Leading Tanzanian daily suspended for seven days

Reporters Without Borders (RSF) condemns the Tanzanian government’s decision to suspend one of the country’s leading daily newspapers, The Citizen, for seven days. The publishing ban, which began on 28 February, is the latest development in a significant and alarming decline in press freedom in Tanzania, RSF said.

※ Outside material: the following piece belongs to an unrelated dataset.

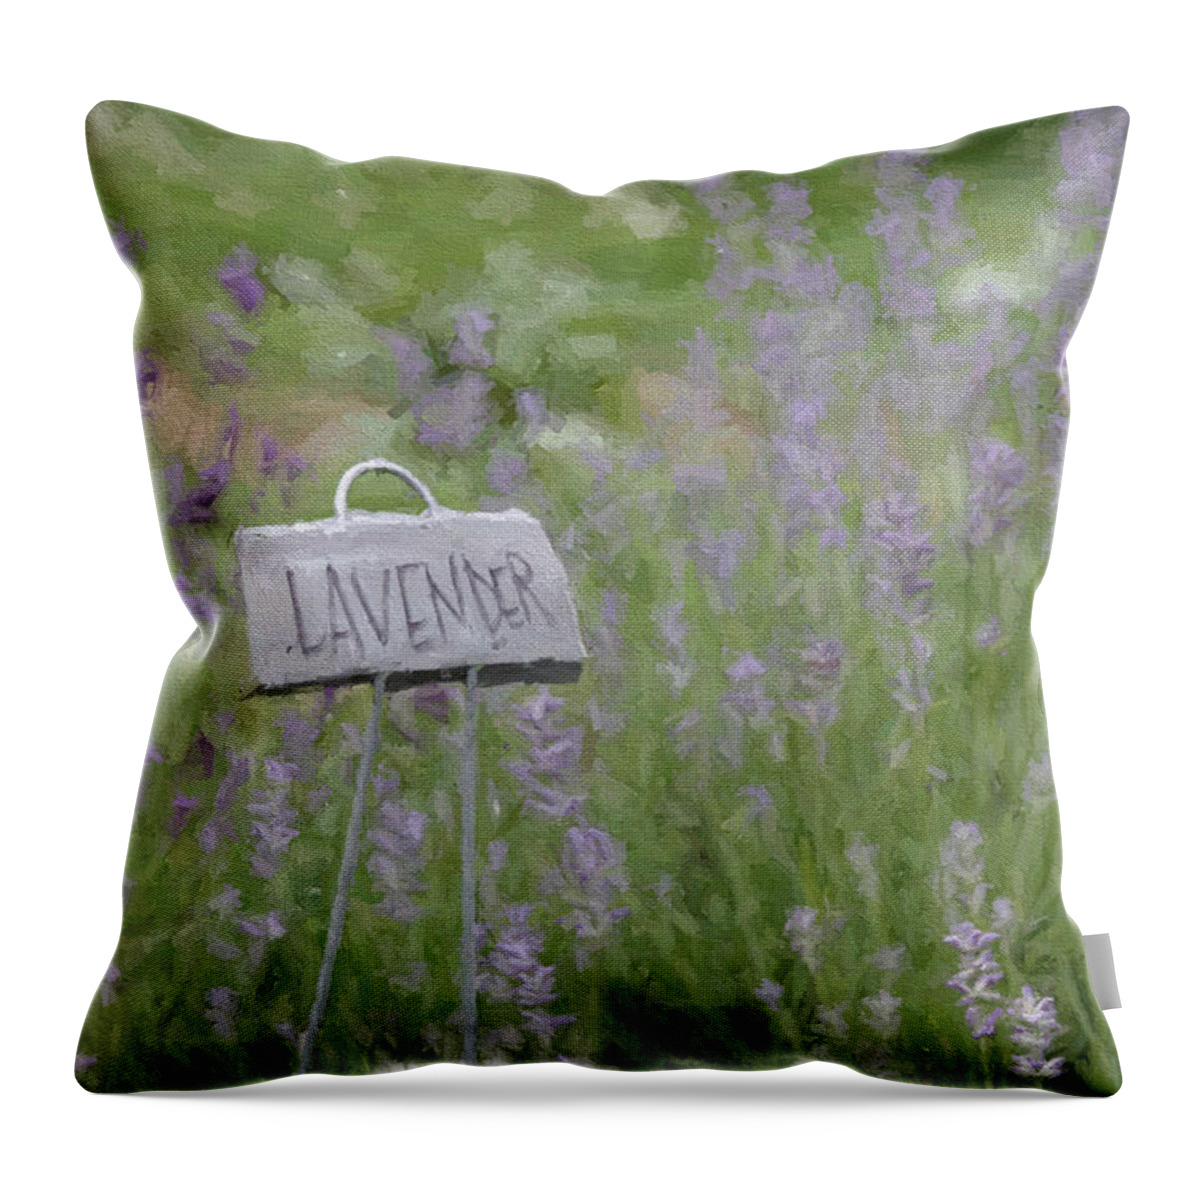 Lavender Throw Pillow featuring the digital art Lavender by Jayne Carney

The suspension was ordered by the print media regulatory authority, a direct offshoot of the information ministry, which accused the widely read newspaper of publishing “false and misleading” information about a devaluation in the Tanzanian shilling.

 

After checking with banks and currency exchange bureaux, The Citizen reported on 23 February that the US dollar was actually selling for 2,415 Tanzanian shillings, although the central bank official rate was 2,300 shillings.

 

“The suspension of this leading independent newspaper is the latest in a long list of press freedom violations, of which the scale and frequency are alarming,” said Arnaud Froger, the head of RSF’s Africa desk. “Tanzania used to be regarded as an exception in a region where civil liberties are constantly threatened, but it has now joined the club of regimes that are press freedom predators. The authorities must end this suspension at once and guarantee the freedom to disseminate news and information, as required by the constitution.”

 

Eight western embassies condemned the suspension on social networks, suggesting that it was out of all proportion to the alleged offence. Hassan Habasi, who is the government’s spokesman as well as heading the print media regulator, did not respond to RSF’s calls and messages.

 

Under the Statistics Act that Tanzania adopted in 2017, publishing statistics at variance with the official figures is punishable by fines and prison sentences. The legislative arsenal that can be deployed against independently reported information was also reinforced in April 2018 by a law under which online content producers have to pay exorbitant accreditation fees to register with the authorities. RSF said at the time that it would destroy Tanzania’s blogosphere.

 

According to RSF’s tally, at least four newspapers and six radio stations have been suspended since John Magufuli became president in 2015. Last November, two representatives of the Committee to Protect Journalists were arrested and forced to leave the country. At the same time, the authorities have conducted no serious investigation into the disappearance of Azory Gwanda, a reporter for Mwananchi (The Citizen’s Swahili version), who went missing in November 2017 while investigating a series of murders of local officials in the eastern Pwani region.

 

Tanzania is ranked 93rd out of 180 countries in RSF’s 2018 World Press Freedom Index after falling ten places in the space of a year, one of the biggest falls registered by any country.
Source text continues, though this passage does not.